West Nile Virus (WNV) is an emerging global health threat. Transmission risk is strongly related to the abundance of mosquito vectors, typically Culex pipiens in Europe. Early-warning predictors of mosquito population dynamics would therefore help guide entomological surveillance and thereby facilitate early warnings of transmission risk.
We analysed an 11-year time series (2001 to 2011) of Cx. pipiens mosquito captures from the Piedmont region of north-western Italy to determine the principal drivers of mosquito population dynamics. Linear mixed models were implemented to examine the relationship between Cx. pipiens population dynamics and environmental predictors including temperature, precipitation, Normalized Difference Water Index (NDWI) and the proximity of mosquito traps to urban areas and rice fields.

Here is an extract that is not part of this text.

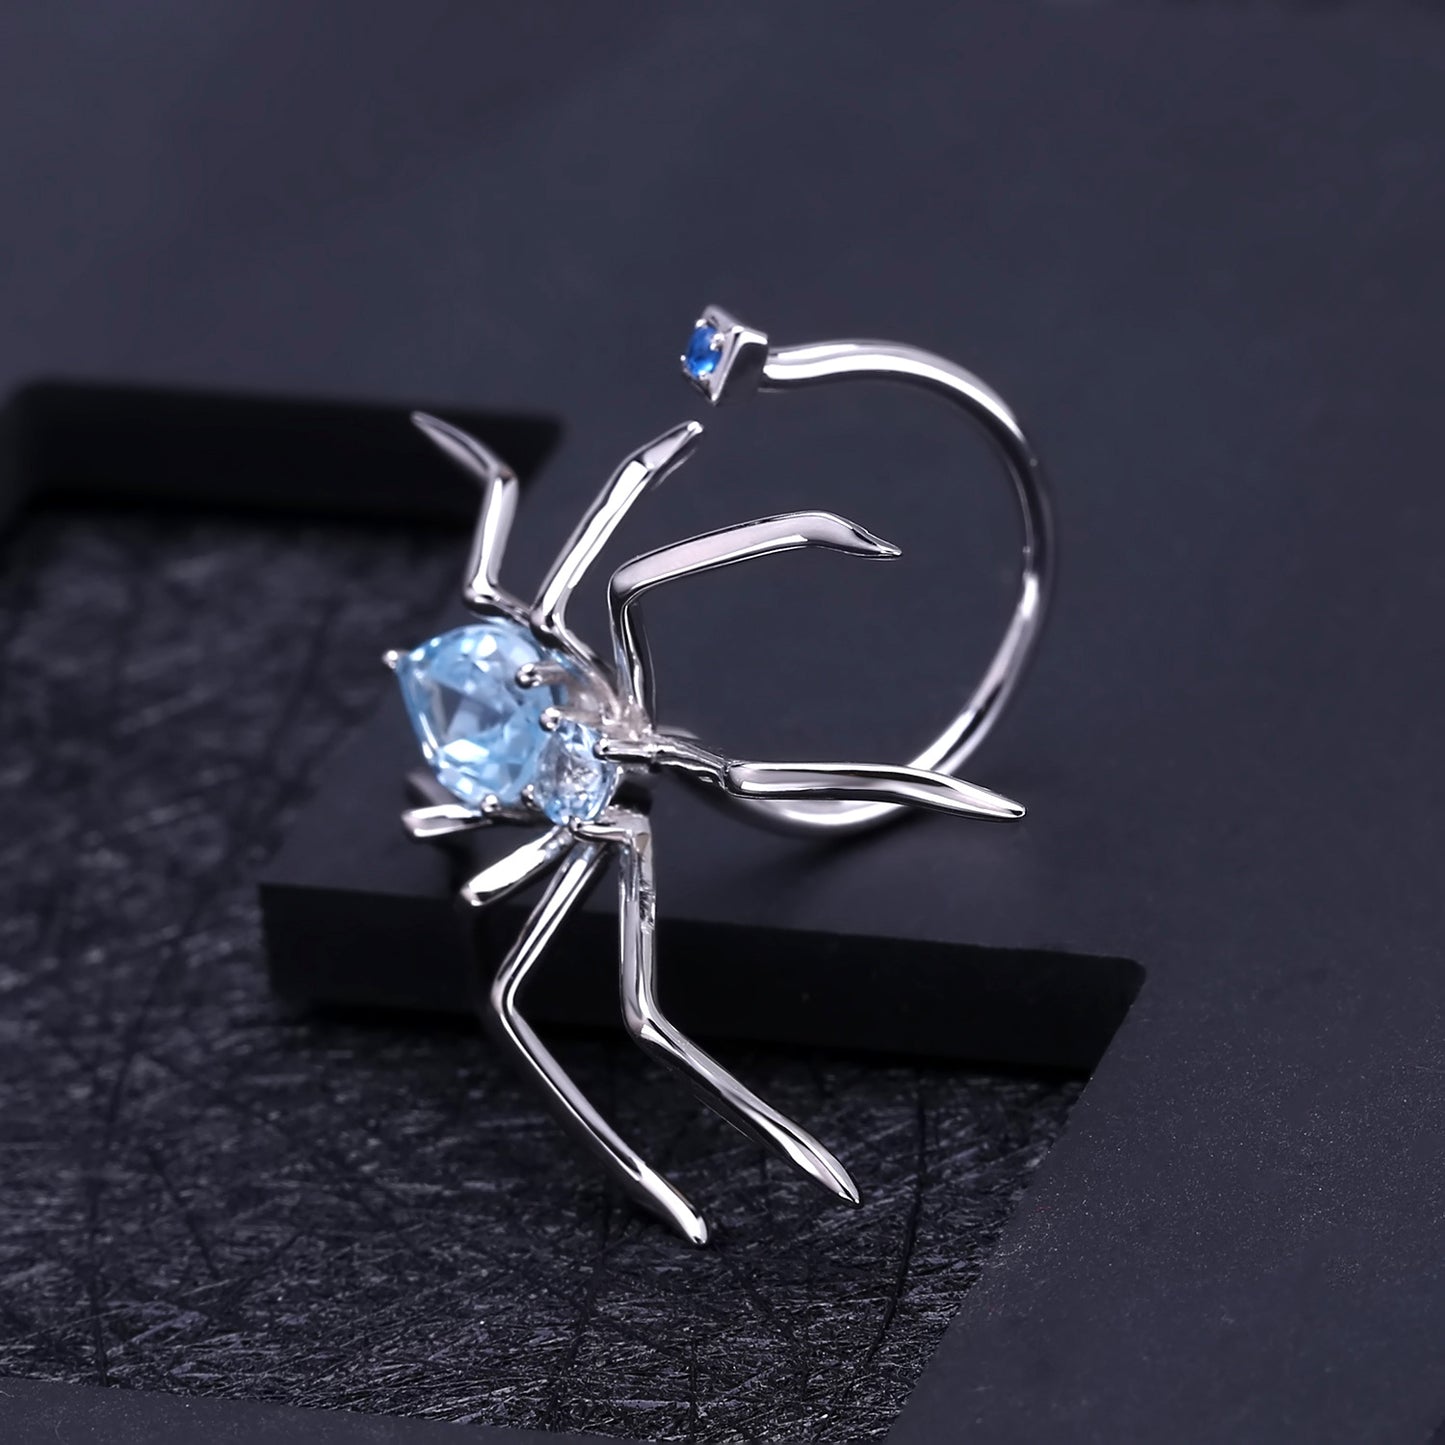 Spider Design Natural Gemstones Opening Silver Ring

Warm temperatures early in the year were associated with an earlier start to the mosquito season and increased season length, and later in the year, with decreased abundance. Early precipitation delayed the start and shortened the length of the mosquito season, but increased total abundance. Conversely, precipitation later in the year was associated with a longer season. Finally, higher NDWI early in the year was associated with an earlier start to the season and increased season length, but was not associated with abundance. Proximity to rice fields predicted higher total abundance when included in some models, but was not a significant predictor of phenology. Proximity to urban areas was not a significant predictor in any of our models. Predicted variations in start of the season and season length ranged from one to three weeks, across the measured range of variables. Predicted mosquito abundance was highly variable, with numbers in excess of 1000 per trap per year when late season temperatures were low (average 21°C) to only 150 when late season temperatures were high (average 30°C).
Climate data collected early in the year, in conjunction with local land use, can be used to provide early warning of both the timing and magnitude of mosquito outbreaks. This potentially allows targeted mosquito control measures to be implemented, with implications for prevention and control of West Nile Virus and other mosquito borne diseases.